Laus M, Malaguti M C, Alfonso C, Ferrari D, Zappoli F A, Giunti A
Divisione di Ortopedia e Traumatologia Polichlinico S. Orsola-Malpighi, Bologna.
Chir Organi Mov. 1995 Jul-Aug;80(3):263-71.
Cervical lesions caused by diffused idiopathic skeletal hyperostosis may cause compression of the upper respiratory and digestive paths. Horizontal anterior osteophytes that are not fused can cause dysphagia and dysphonia, large prevertebral ossifications extended or segmental may cause difficulty in breathing. A series of 6 cases with dysphagia, dysphonia, dyspnea due to duffused idiopathic skeletal hyperostosis, with cervical lesions is reported. In 3 cases, affected with moderate dysphagia, conservative treatment with anti-inflammatory drugs and a proper diet allowed for the symptoms to be controlled, and for spontaneous evolution of the lesions to occur, with fusion and remodeling of the compressive osteophytes. These patients continue to be asymptomatic 2-7 years after the first observation. In 3 cases affected with severe respiratory and/or nutrition deficit, the osteophytes and ossifications were surgically removed by prevascular extrapharyngeal approach, and rapid resolution of symptoms ensued. The follow-up 1-2 years after treatment showed that patients were asymptomatic and that radiographically there was no recurrence of lesions.
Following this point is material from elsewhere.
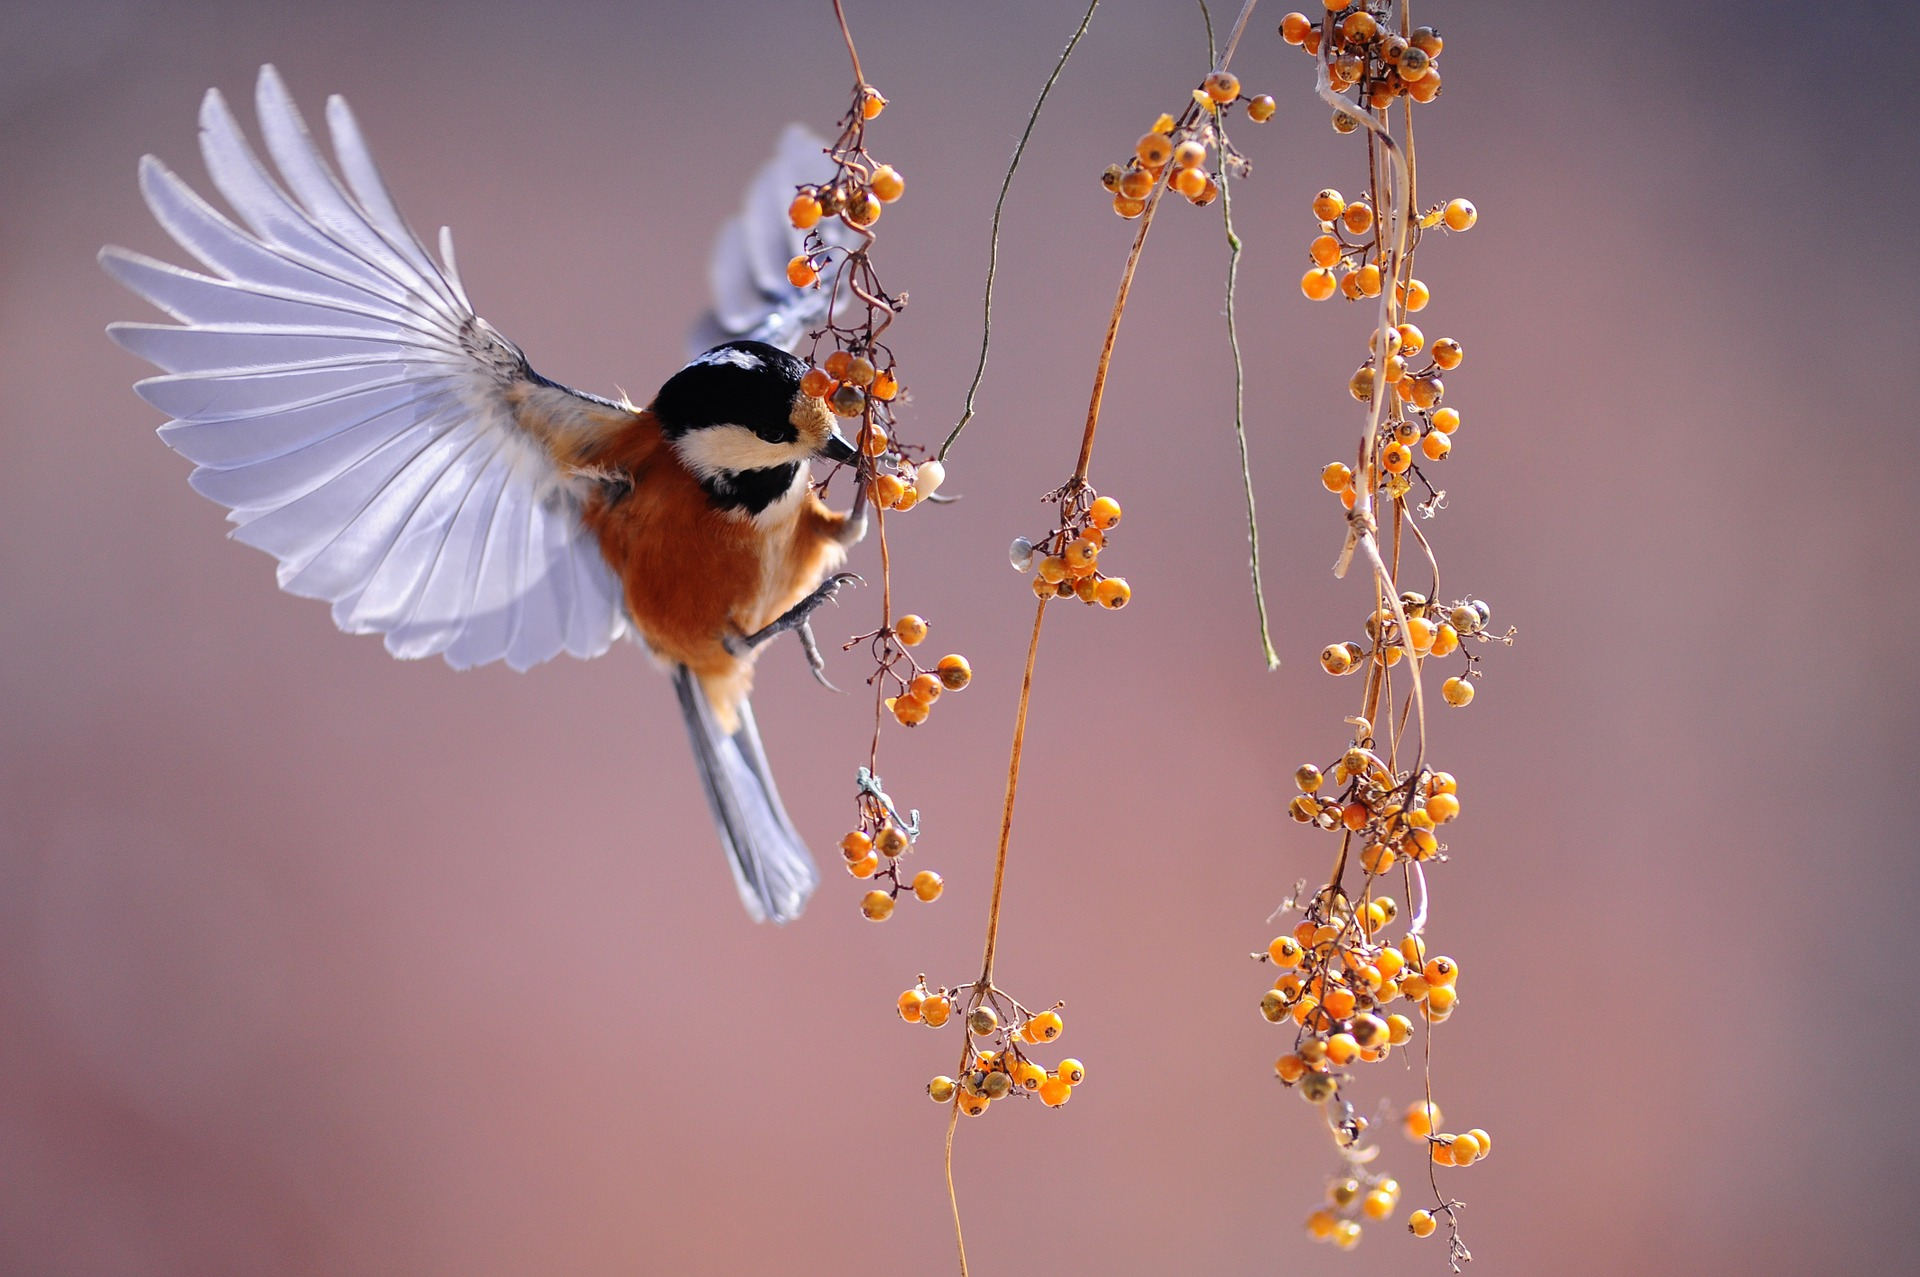 bird-1045954_1920.jpg

弥漫性特发性骨肥厚引起的颈椎病变可导致上呼吸道和消化道受压。未融合的水平前骨赘可导致吞咽困难和声音嘶哑,广泛或节段性的椎体前方大骨化可导致呼吸困难。本文报告了6例因弥漫性特发性骨肥厚伴颈椎病变导致吞咽困难、声音嘶哑和呼吸困难的病例。3例患者有中度吞咽困难,采用抗炎药物及适当饮食的保守治疗可控制症状,病变自然进展,压迫性骨赘融合并重塑。首次观察后2至7年,这些患者仍无症状。3例有严重呼吸和/或营养障碍的患者,通过血管前咽外入路手术切除骨赘和骨化,症状迅速缓解。治疗后1至2年的随访显示患者无症状,影像学检查未发现病变复发。